The room was quiet; there was only the soft sound of hands brushing clothes, and feet shuffling a little, and a
murmur of pleased surprise sometimes that must have come from the boys in the middle. Maybe from me. Arby's deep voice was a soothing background: “Fall . . . and catch . . . fall . . . and catch . . . Good, that's the way. Feel the trust . . .”

Then, falling, waiting for the reassuring hands to save me, I found myself not saved but still falling, and I shouted in alarm and stumbled, clutching for support, opening my eyes. I caught a look of mischievous glee on the face of the pudgy boy, as he grabbed me up just before I could hit the floor.

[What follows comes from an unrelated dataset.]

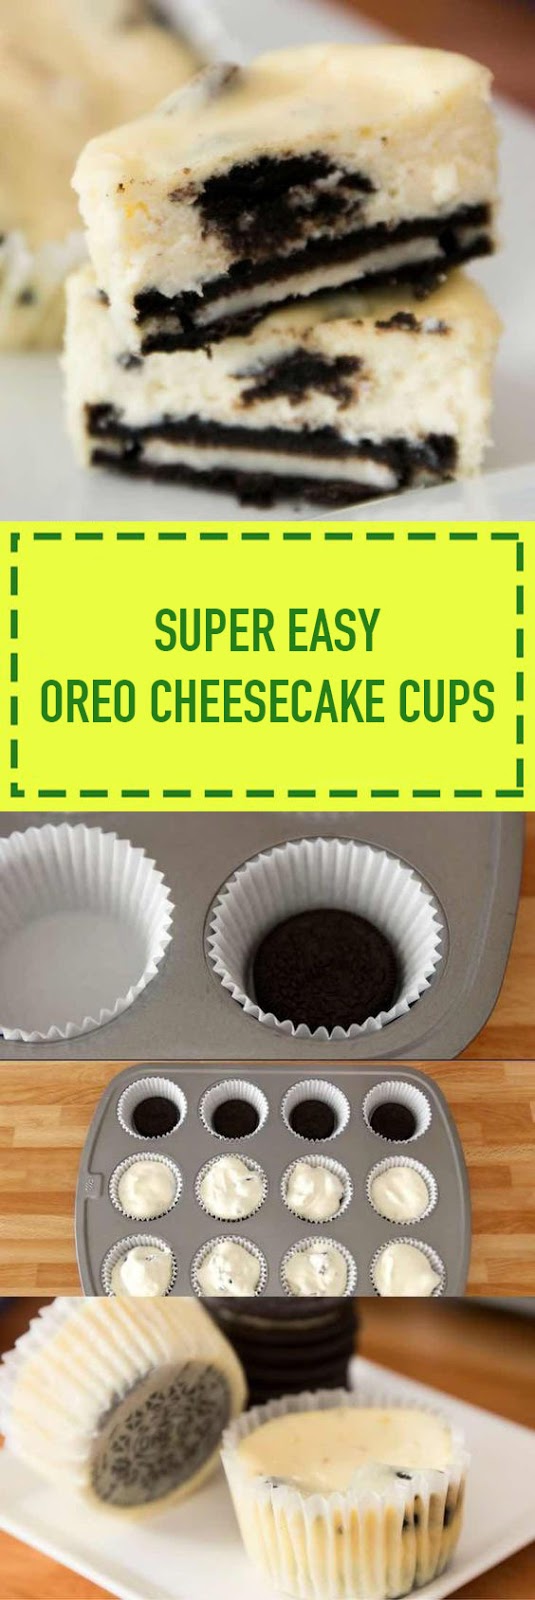 Super Easy Oreo Cheesecake Cups

“Wow, sorry!” he said, grinning, mocking—and then his face crumpled into shock as a thunderbolt hit him.

“Out!” Arby was shouting. “You—out of this company! Go home!”

“It was just a joke,” said Pudding-face, appalled. “I didn't mean—”

“You meant exactly what you did—playing your own little trick. We don't play tricks here, feller.
Nothing
is more important than the company,
nothing
is more important than the play. You betrayed a trust and I don't want you here. Out! Go pack your things!”

Pudding-face shambled out of the room, without a word. Someone told me afterwards that he was a wonderful actor; Arby had recruited him from a school in Cleveland, specially to play Bottom in
A Midsummer Night's Dream.
But back to Cleveland he went, the very next day. We never saw him again.